# Canon 40D Error 99 code



## jmosmith (Aug 10, 2004)

I've exchanged my Canon 20D for the new Canon 40D. So far, I love it!

I just got a new lens for it, the Canon L-series, 16-35mm zoom. A real WOW lens!

But soon as I tried to use it, I started getting "Error 99", almost instantly. Then it started showing up when I changed the lens back to the one I commonly use and have been using for nearly a month. And it persisted when I changed the lens again to the one that originally came with the camera.

Anyone else seeing these results?

Anyone else hear about a similar experience?

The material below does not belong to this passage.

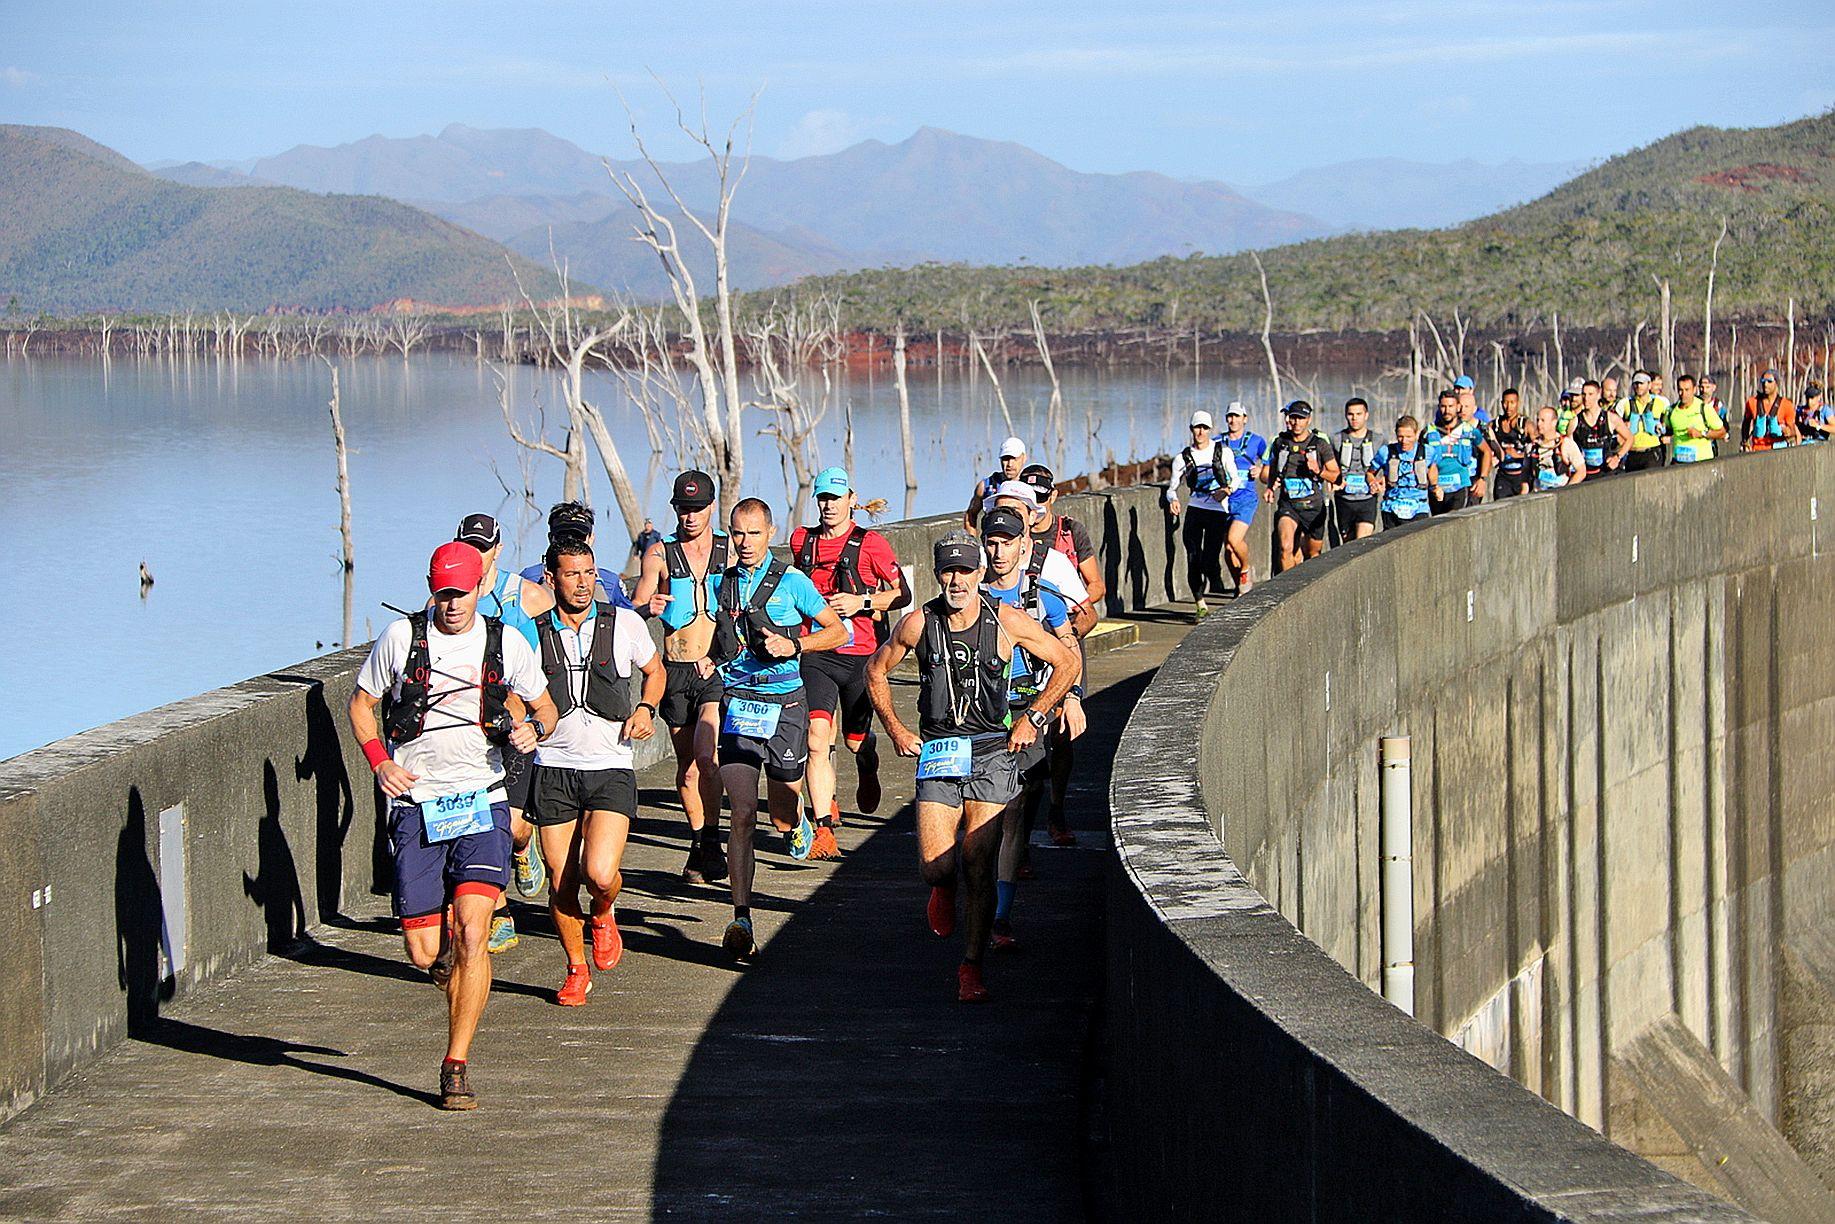 La Free to run aura lieu non loin de Yaté, d'où part la Gigawatt, également organisée par Challenge organisation. Photo archives LNC
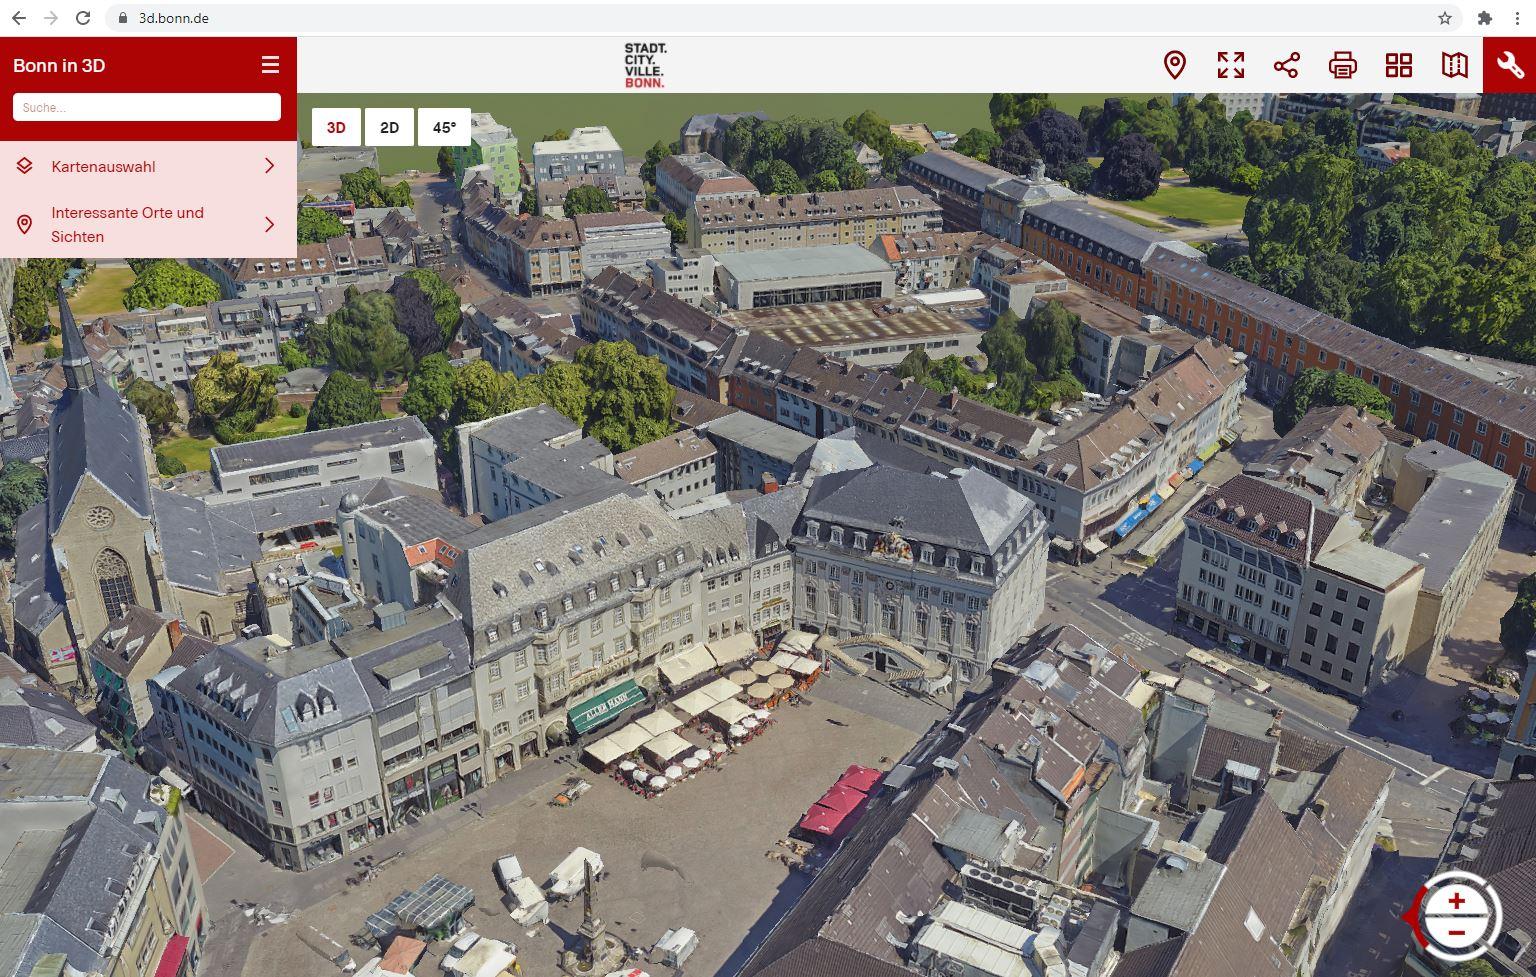 """""""Bonn in 3D"""": Digitales Stadtmodell ist realisiert"""

The 40D is still brand new in the market and I'm not sure if this is a bug or what?

Thanks,
J


----------



## vreyens (Oct 25, 2001)

jmosmith said:


> I've exchanged my Canon 20D for the new Canon 40D. So far, I love it!
> 
> I just got a new lens for it, the Canon L-series, 16-35mm zoom. A real WOW lens!
> 
> ...


Look here.
Barry


----------



## jmosmith (Aug 10, 2004)

Update:

If I'm careful to power the camera down before changing lenses, I no longer get this problem. I believe it was cause from switching between a 2.8 lens and a 3.5 lense, with the camera on manual setting.

So far, the problem has not come back (knock wood).

Thanks,
J


----------